В той поселковой бедной поликлиничке мы застали истинных , истинно здоровьем людей, как своим собственным здоровьем, озабоченных, будто бы из светлой тьмы российского прошлого пришедших настоящих сельских лекарей. До сих пор вспоминаем о них добро и благодарно.
Колька любил ездить в поликлинику. Он вообще обожал всяческое общество. Сидючи в коляске и едучи по улице, непременно норовил цапнуть любую из проходящих мимо старушек. А увидев скопление (больше двух) людей, тотчас начинал восторженно почему-то орать: «Ура!», чуть не вываливаясь при этом из своего ландолета.
Попав в кабинет Калерии Ивановны — беспрестанно строил умильные и, как считал, трудноотразимые гримасы, улыбался во весь рот и непрерывно, конечно, пускал струю от нестерпимого восторга своего общения с медициной.
«Ну, вот и дождик пошел…» — неизменно и неизменно добродушно комментировала этот салют Калерия Ивановна, отряхивая халат.
Педиатр она была, мне кажется, от Бога. Я ни разу не слышал, чтобы за дверями ее кабинета ребенок — не грудничок, конечно, — плакал.
В отличие от нас с Колькой жена посещения поликлиники не очень любила.
— Там все такие толстенькие, там все такие жирненькие… Один только наш — худоба заморенная! — чуть не со слезами ли переживала она. — Там есть один — на два месяца младше, а весит уже!.. (не помню, сколько).
Калерия однажды даже вполне всерьез осерчала на нее:
— Вы что — кабанчика взяли на доращивание? Ваш Николай, успокойтесь, развивается нормально. Мне, наоборот, перекормыши спать спокойно не дают!
Больше жена вслух не переживала, но это вовсе не значит, то переживать перестала. Ей, как и большинству мамаш, понятное дело, хотелось, чтобы Колькина физиономия была один в один с тем обжорой, который изображен был на колобке с детским комбикормом «Малыш».
Колька, как сказано было Калерией Ивановной, развивался успешно. Довольно нормально и мы, родители, развивались возле него.
К полугоду своего пребывания в нашем обществе Колька раскусил, что этими двумя услужливыми человеками можно вертеть, пожалуй, как пожелаешь.
Не сказать, что желания и капризы его отличались какой-то изощренной чрезмерностью. Что-то он (из еды, например) не любил, но кое-как терпел. Что-то терпеть не мог, но мы в него впихивали, истово веря в благотворность подобного насилия. Что-то вообще впихнуть в него было невозможно, несмотря на все уверения литературных источников, что этот вид пищи для него чуть ли не мальвазия.
Он был не дурак поспать, но с определенной поры процесс транспортации его в царство Морфея приобрел вдруг совершенно скандальный и ужасно утомительноемкий характер. Так однажды он недвусмысленно объявил, что засыпать отныне намерен исключительно только на мамкиных руках и исключительно под вокализ: «Ох, ты котинька-коток…» Мамка, натурально, возразить не посмела, и это продолжалось месяц-другой, пока я не обратил внимания на то, как подозрительно стеариново стала светиться лицом жена моя, как изможденно ввалились прекрасные глаза ее, а походка, я заметил, стала слишком напоминать походку каторжно бредущего, от сквозняка качающегося человека.
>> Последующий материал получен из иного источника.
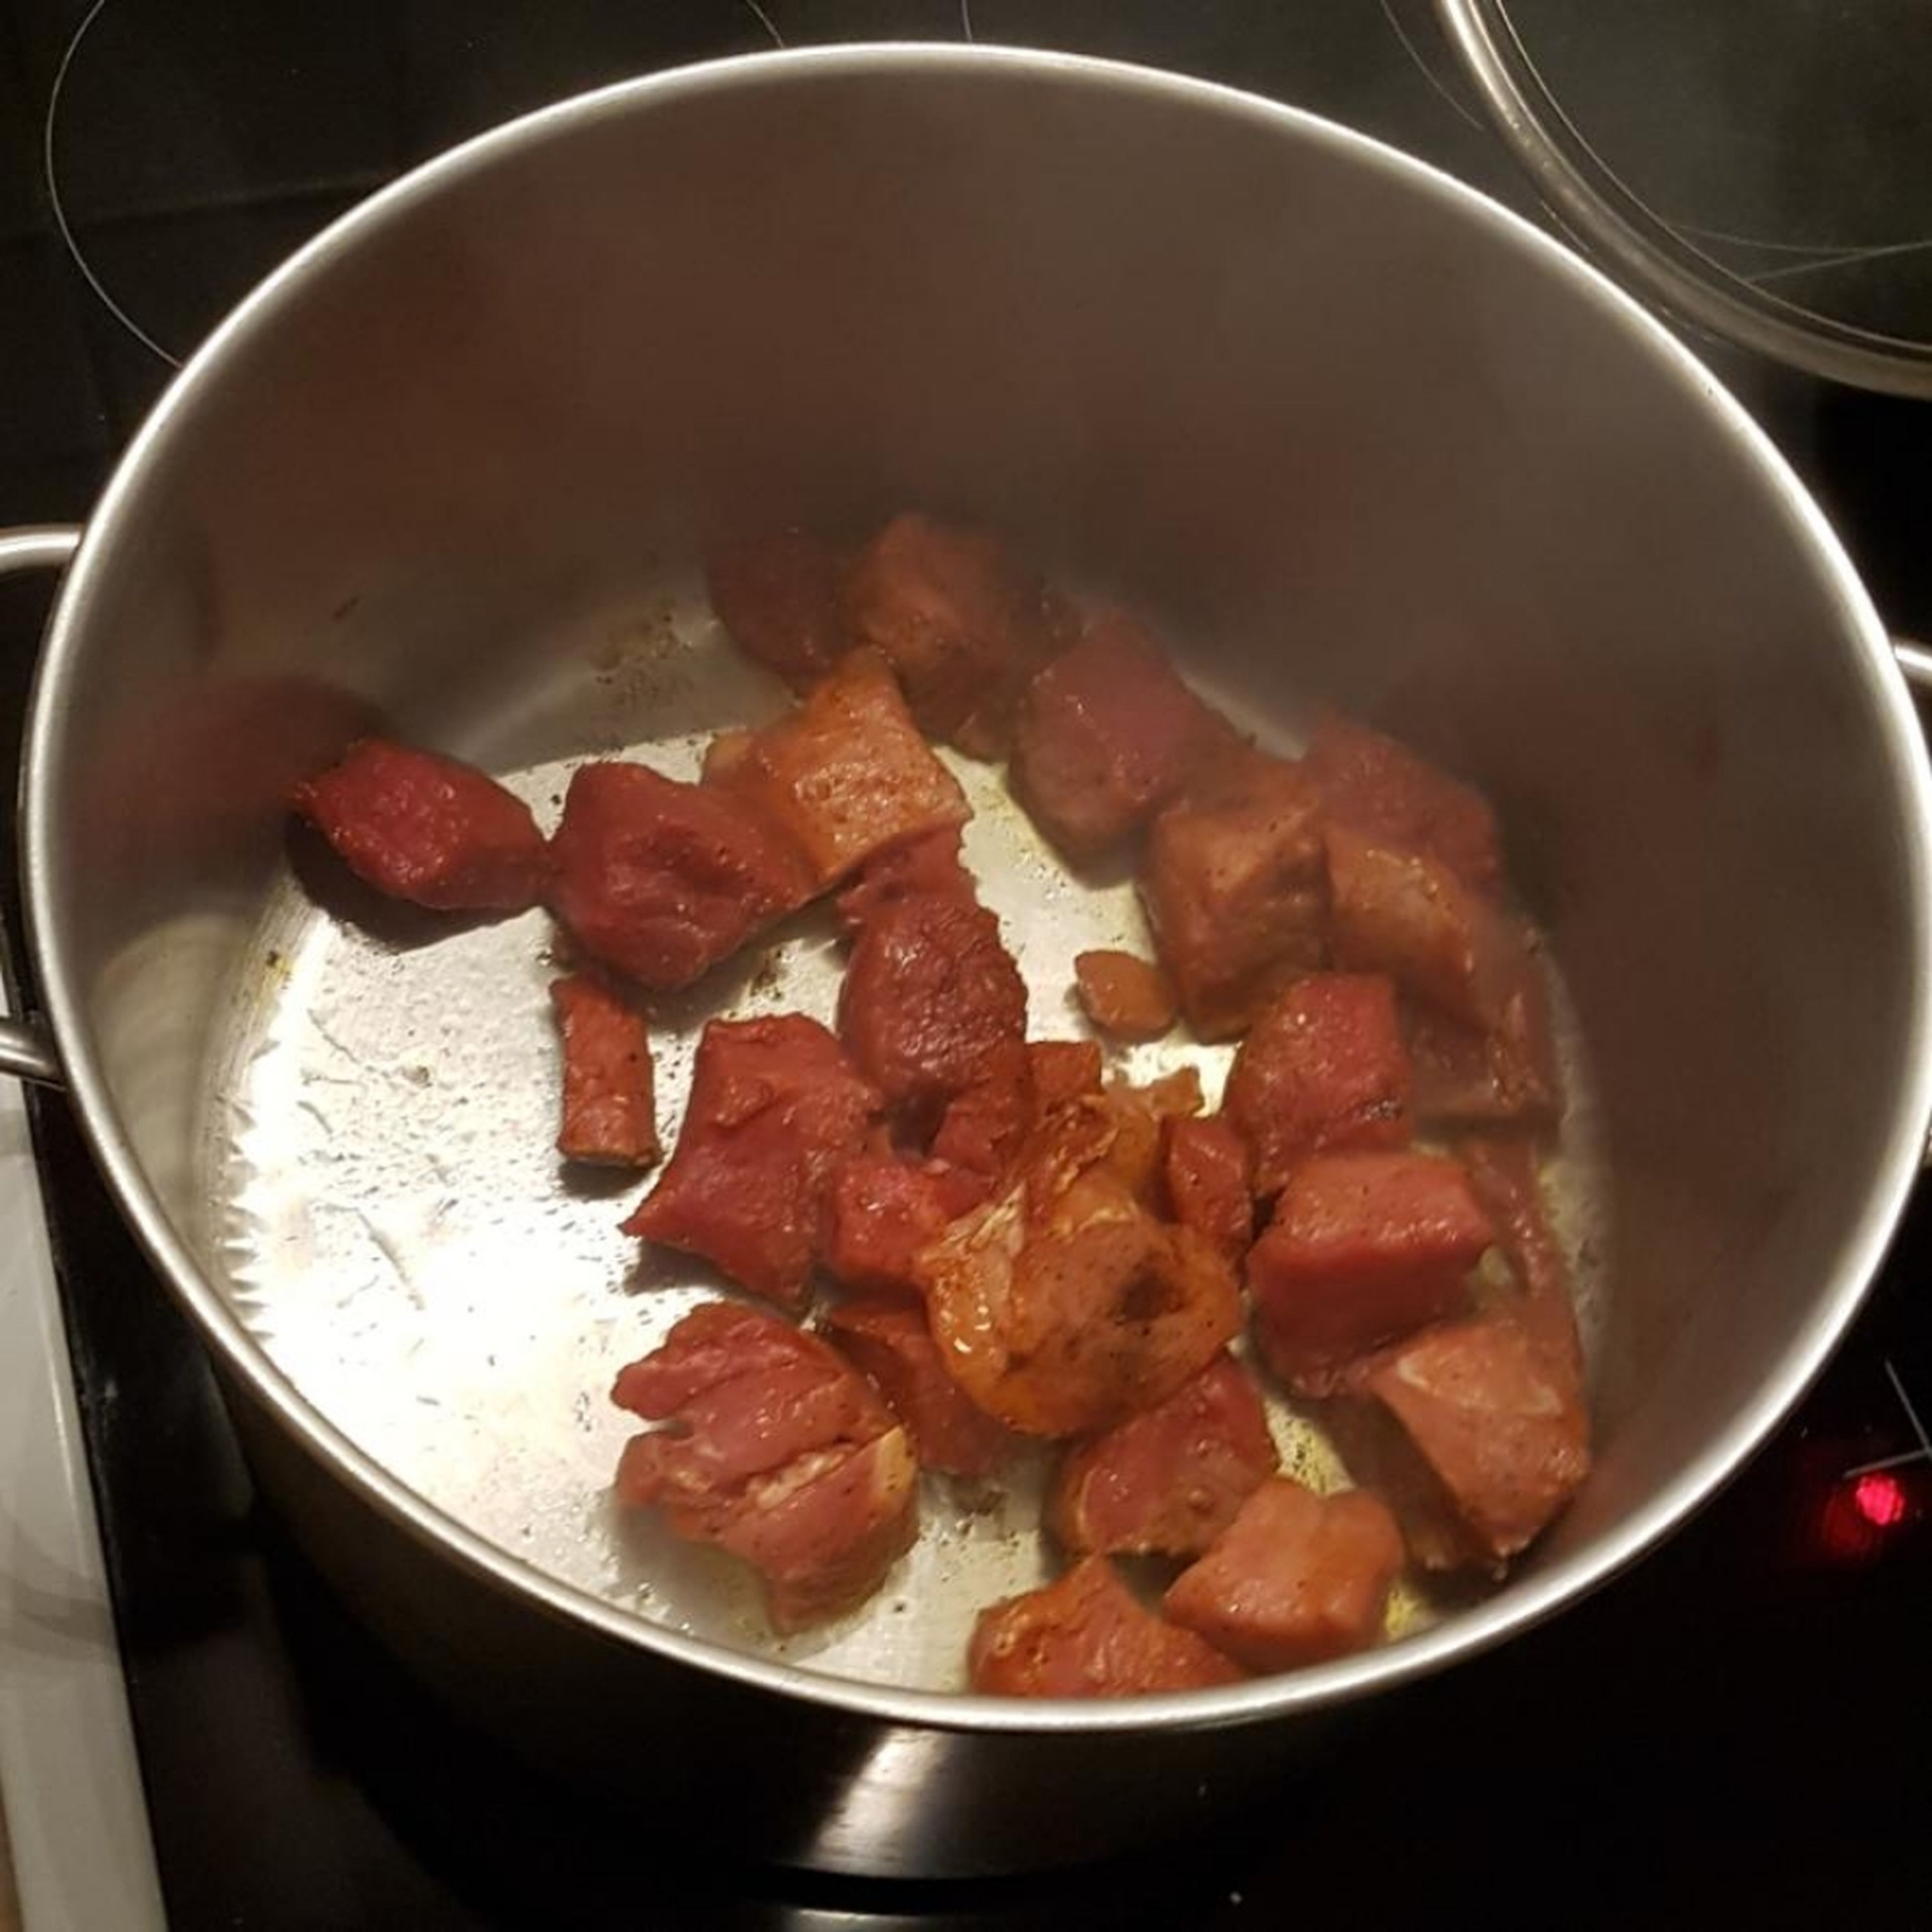 Öl in einem Topf stark erhitzen und dann das Fleisch darin rundherum scharf anbraten und dabei Tomatenmark hinzugeben. Anschließend das Fleisch aus dem Topf nehmen und beiseite stellen.

По два раза за ночь по часу-полтора ходить с Колькой на руках да еще мурлыкать при этом «Котинька-коток» — это даже и для колькиной, самоотверженно любящей мамаши, было слишком.
По моему жестокому настоянию была объявлена война этой вредной для всех привычке.
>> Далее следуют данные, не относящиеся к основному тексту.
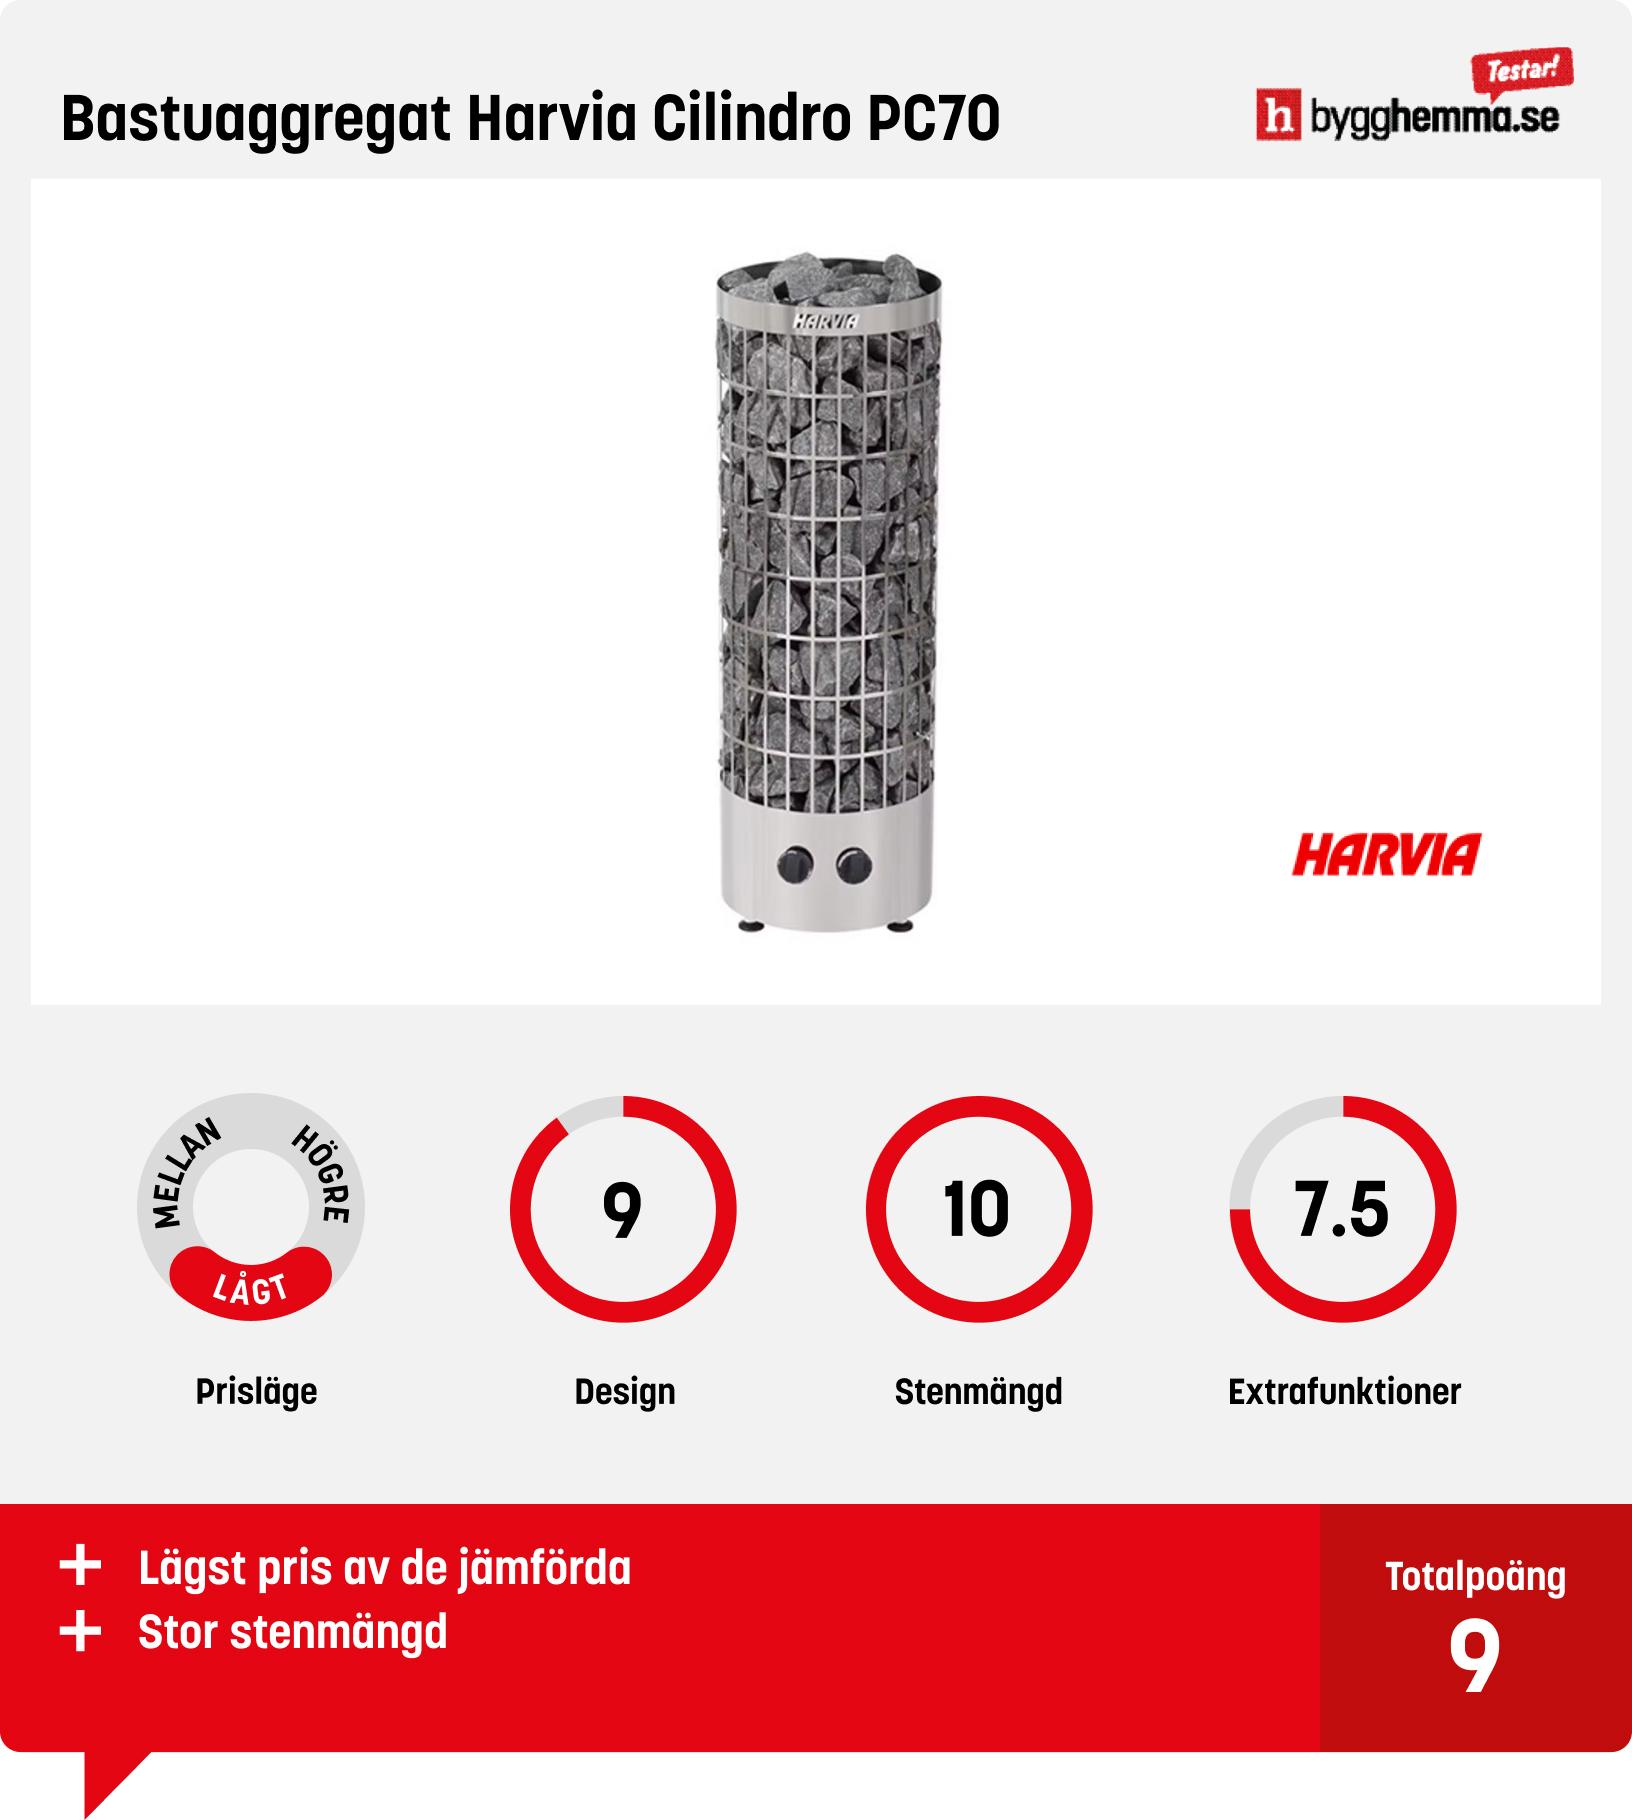 Bastuaggregat bäst i test - Bastuaggregat Harvia Cilindro PC70

Война вспыхнула ожесточенная. Она длилась в течение ночей четырех, во время которых Пушкинский район Московской области вряд ли спал спокойно. А закончилась схватка полумирным соглашением: Колька согласился засыпать в постели, но с тем, чтобы его кроватку непременно в это время катали туда-назад.
Было это, понятно, немного полегче, чем таскать его на руках, но тоже не сахаром оказалось, а занятием нудным, многотерпения требующим. К тому же, непременно задремывая, жена то и дело с грохотом падала челом на ограждение кровати — пару раз и на пол брякалась — Колька мгновенно и возмущенно отворял вежды, вдарялся в скандальный крик, и процесс усыпления приходилось начинать сызнова.
Одно время мы с ним вроде бы сошлись на таком варианте: я его пару минут покачиваю, потом укладываюсь на кушетку рядом, и мы, как бы за компанию, дружненько засыпаем. Вначале ему это понравилось.
Главное в новой технологии было в том, чтобы после его погружения в сон выкрасться из комнаты без малейшего шума-шороха. Я жирно смазал все петли на двери, подколотил пол, чтоб не скрипел под ногами, — казалось, наконец-то, выход найден.